搜索jar包的pom配置http://search.maven.org/

finalRes.foreach(tp => {

  var conn: Connection = null
  var pstmt: PreparedStatement = null
  try {
    // URL
    val url = "jdbc:mysql://localhost:3306/scott?characterEncoding=utf-8"
    val user = "root"
    val passwd = "123"

    conn = DriverManager.getConnection(url, user, passwd)
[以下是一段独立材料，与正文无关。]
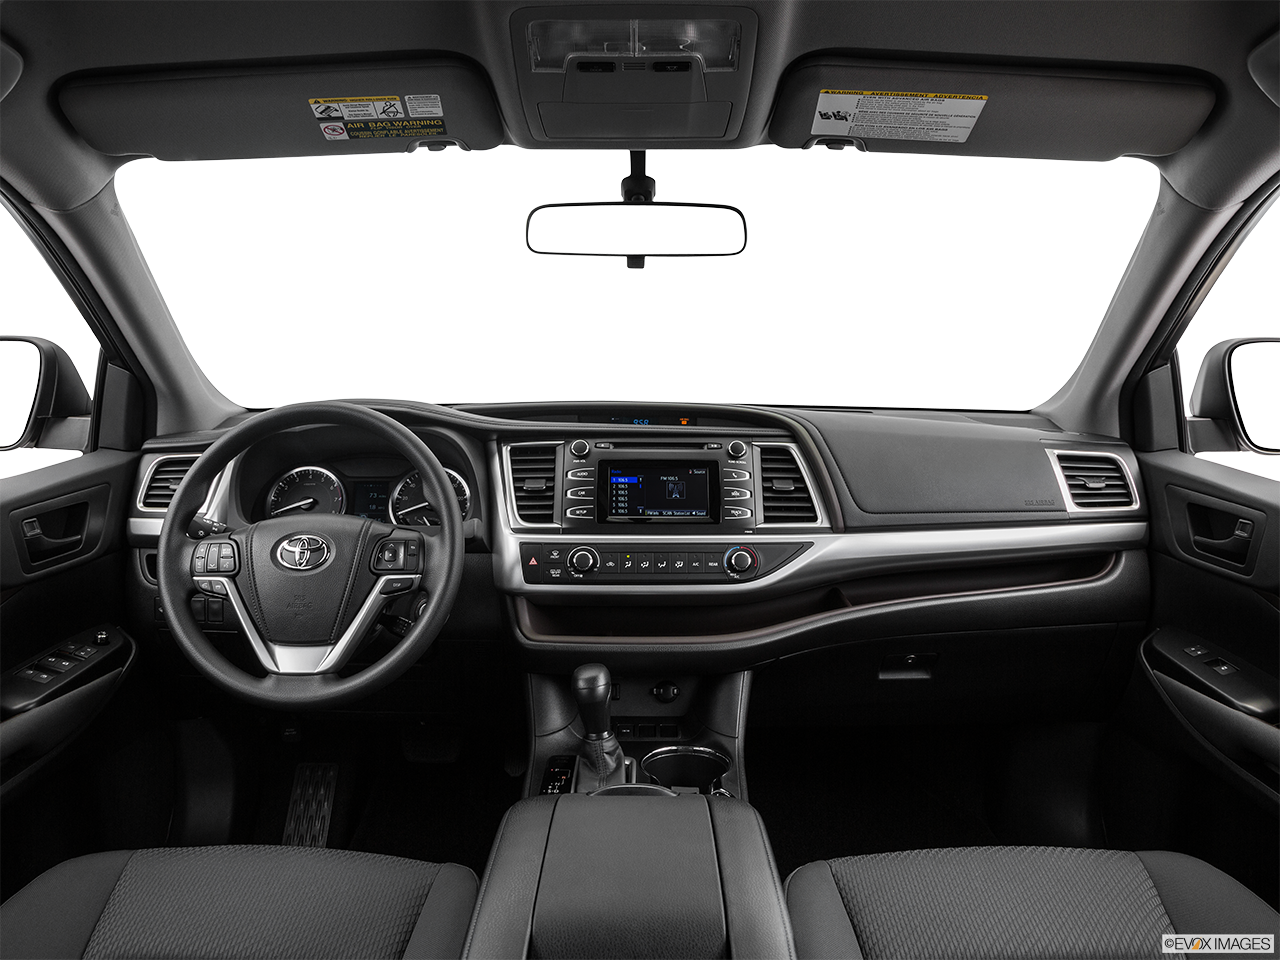 2015 toyota highlander hampton roads casey toyota casey toyota for Toyota highlander 2015 interior

    val creatPst = conn.prepareStatement("create table if not exists access_log (province varchar(120),cnts int)")
    creatPst.execute()

    pstmt = conn.prepareStatement("insert into access_log values(?,?)") // 不会自动创建表

    // 赋值
    pstmt.setString(1, tp._1)
    pstmt.setInt(2, tp._2)

    pstmt.execute()

  } catch {
    case e: Exception => e.printStackTrace()
  } finally {
    if (pstmt != null) pstmt.close()
    if (conn != null) conn.close()
  }
})

5.4. try catch需要的注意事项：

不能再driver端catch executor端的错误，属于不同的机器。

错误的代码， 2/0 这个错误不能被捕获。

    var conn: Connection = null
    var pstmt: PreparedStatement = null
    try {
      // URL
      val url = "jdbc:mysql://localhost:3306/scott?characterEncoding=utf-8"
      val user = "root"
      val passwd = "123"
//      3 / 0 // driver端的错误可以被捕获
      // 对结果数据写入到mysql中
      finalRes.foreach(tp => {
        2 / 0 // executor中
        conn = DriverManager.getConnection(url, user, passwd)
        pstmt = conn.prepareStatement("insert into access_log values(?,?)") // 不会自动创建表
        // 赋值
        pstmt.setString(1, tp._1)
        pstmt.setInt(2, tp._2)
        pstmt.execute()

      })
    } catch {
      case e: Exception => // e.printStackTrace()
    } finally {
      if (pstmt != null) pstmt.close()
      if (conn != null) conn.close()
    }

5.5. 闭包

在函数内部引用了一个外部的变量：

闭包：

conn = DriverManager.getConnection(url, user, passwd)
finalRes.foreach(tp => {
pstmt = conn.prepareStatement("insert into access_log values(?,?)") // 不会自
})

闭包引用：

在函数内部引用了一个外部的变量。

代码块 + 上下文

task在序列化的时候，发现引用了一个没有被序列化的类，所以就会报错。

DriverManager没有实现序列化特质。

5.6. 利用foreachPartition来实现数据入库

finalRes.foreachPartition(it => {
  var conn: Connection = null
  var pstmt: PreparedStatement = null
  try {
    // URL
    val url = "jdbc:mysql://localhost:3306/scott?characterEncoding=utf-8"
    val user = "root"
    val passwd = "123"
    // 在生成task的时候，被引用的对象，必须也被序列化发送到executor端。
    conn = DriverManager.getConnection(url, user, passwd)
    // 闭包引用
    pstmt = conn.prepareStatement("insert into access_log values(?,?)") // 不会自动创建表
    // 赋值
    it.foreach(tp => {
      pstmt.setString(1, tp._1)
      pstmt.setInt(2, tp._2)
      pstmt.execute()
    })
  } catch {
    case e: Exception => e.printStackTrace()
  } finally {
    if (pstmt != null) pstmt.close()
    if (conn != null) conn.close()
  }
})

6. 利用广播变量

6.1. 理论

广播变量是使用TorrentBroadCast实现的：

比特洪流技术

快播：快

6.2. 广播变量的使用：

在Driver端把数据进行广播：

不能广播rdd

// 把规则库的数据进行广播
val broadcast: Broadcast[Array[(Long, Long, String)]] = sc.broadcast(ipRules)

在executor中使用：

val result: RDD[String] = longIp.map(ip => {
  // 只能保证一个task中共用一份反序列化的数据
  val iPRulesNews:Array[(Long,Long,String)] = broadcast.value
  binarySearch(ip, iPRulesNews)
})